Голос доносился из купе, которое было открыто, вероятно, чтобы послушать могли все желающие. Я замечала любопытные лица студентов, которые то и дело выглядывали, а потом тоже оставляли свои купе открытыми или выходили в коридор.

Слова звучали четко и не раздражающе, и при этом их можно было услышать отовсюду.

Он стоял у окна, оперевшись на столик и засунув руки в карманы потертых брюк. Красноватые шрамы на его бледном лице двигались, когда он говорил, и от этого выделялись еще сильнее, но совсем не выглядели отталкивающими.

Его взгляд не был ни добрым, ни даже доброжелательным, но при этом он производил приятное и располагающее впечатление.
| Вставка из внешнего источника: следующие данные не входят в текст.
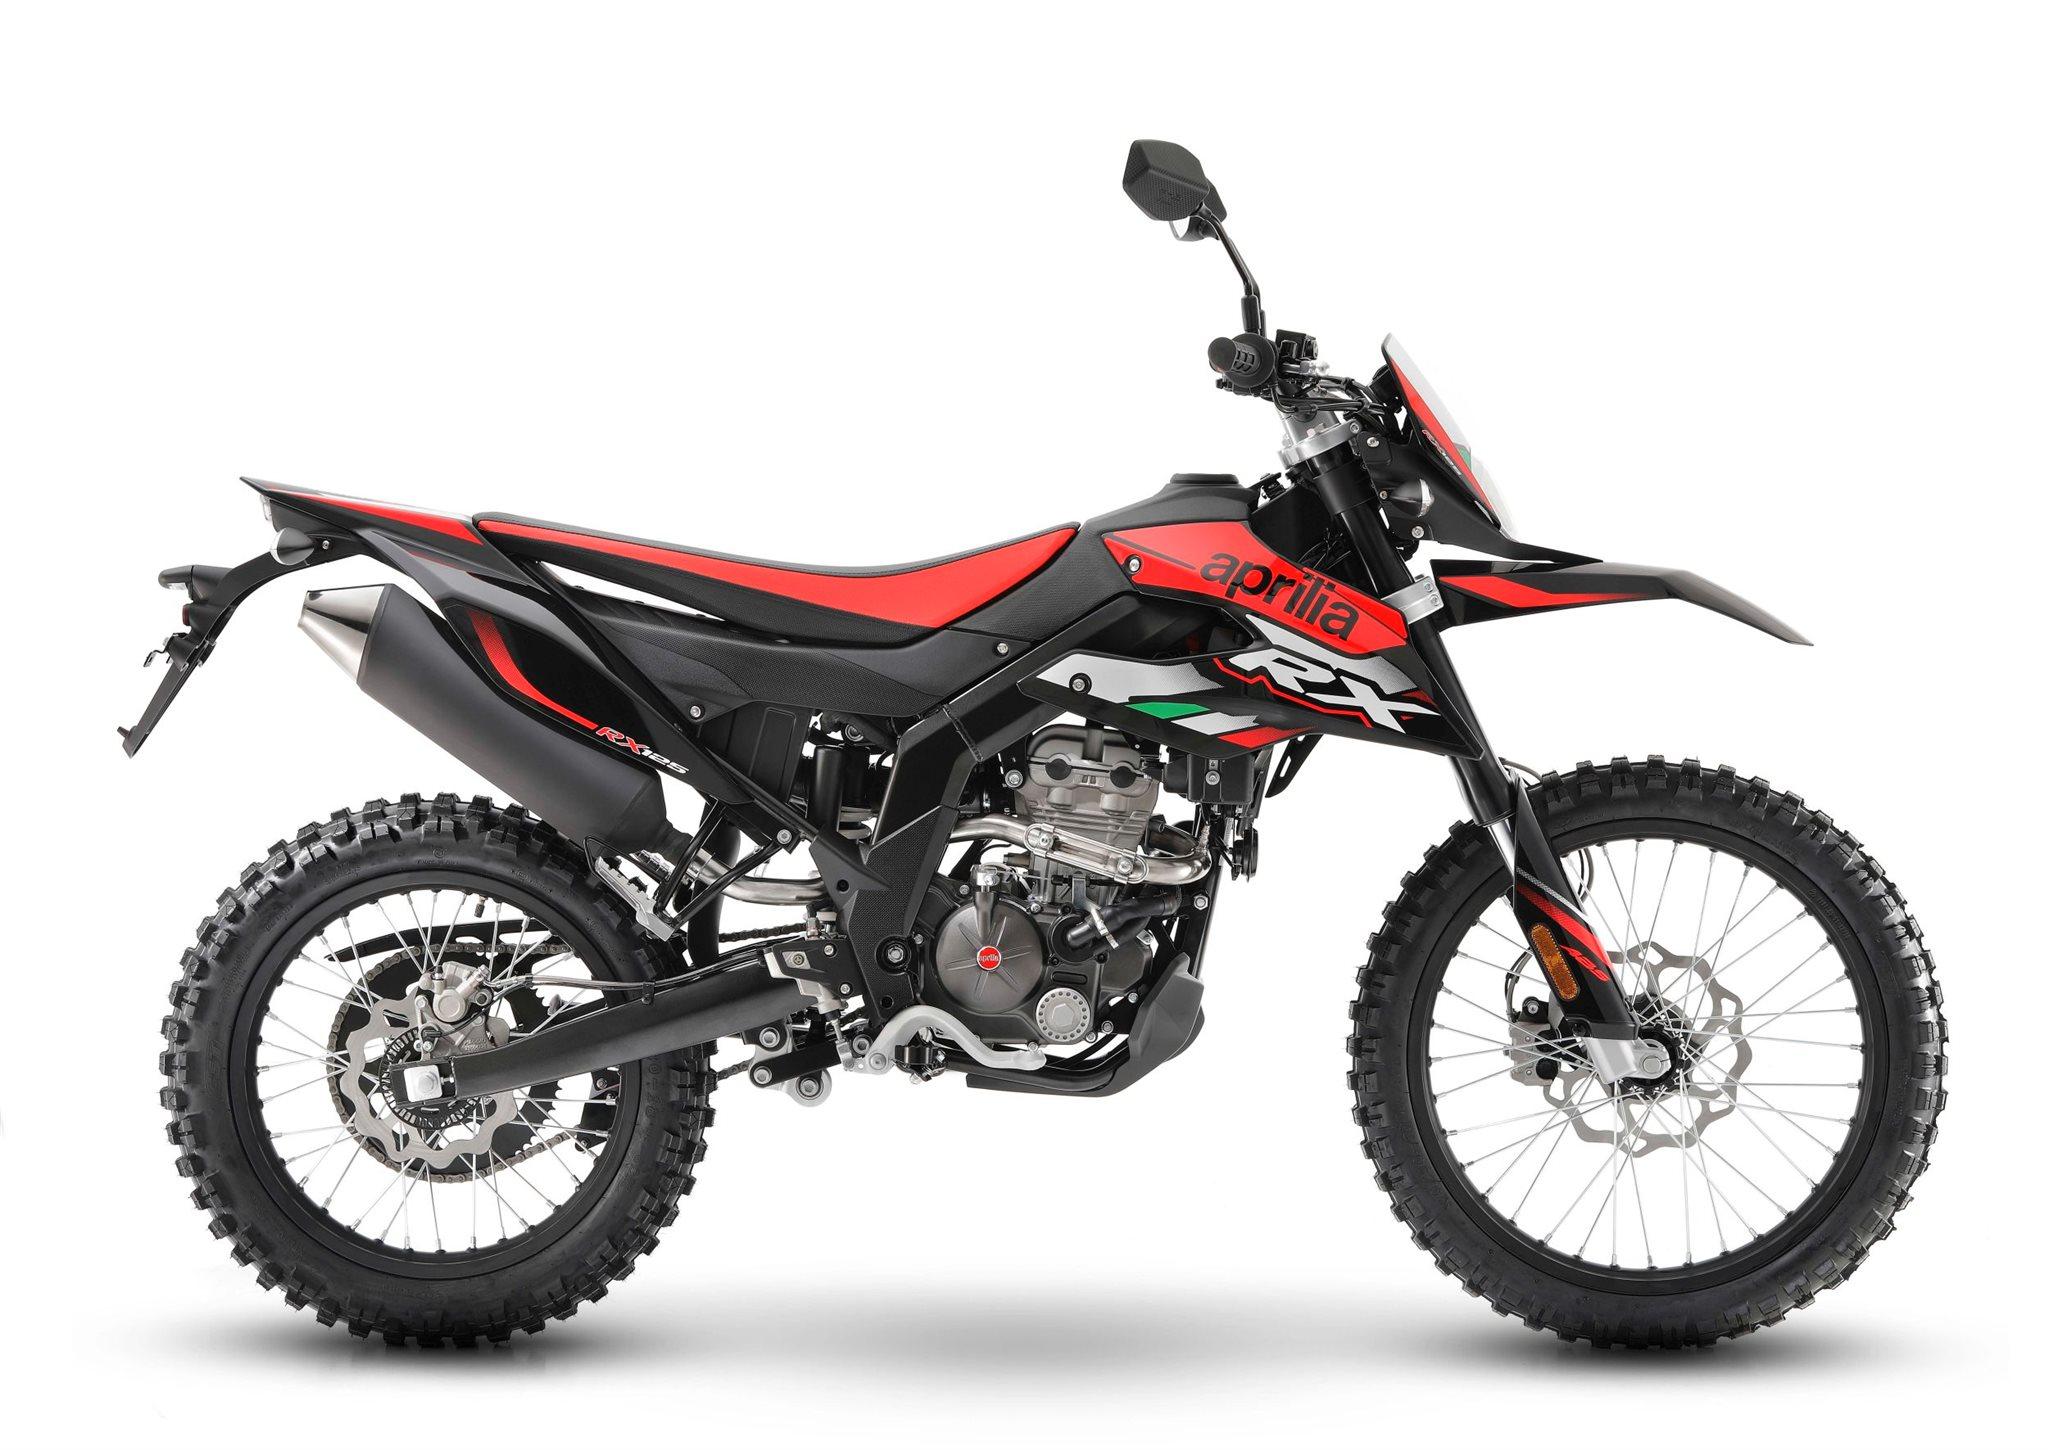 Gebrauchte und neue Aprilia RX 125 Racing Motorräder kaufen

Судя по тому, с каким восторгом на него смотрели набившиеся в купе первокурсники, так думала не только я.

Профессор Римус Люпин не спал. Даже не прикидывался мебелью. Не держался обособленно и явно чувствовал себя нормально, оказавшись в центре внимания, пусть даже детского. Он рассказывал о Хогвартсе, о факультетах, о предметах, о магии и совсем немного — о школьной жизни. Он внимательно вглядывался в лица, когда говорил, и, заметив чью-нибудь робкую улыбку, сразу же улыбался в ответ.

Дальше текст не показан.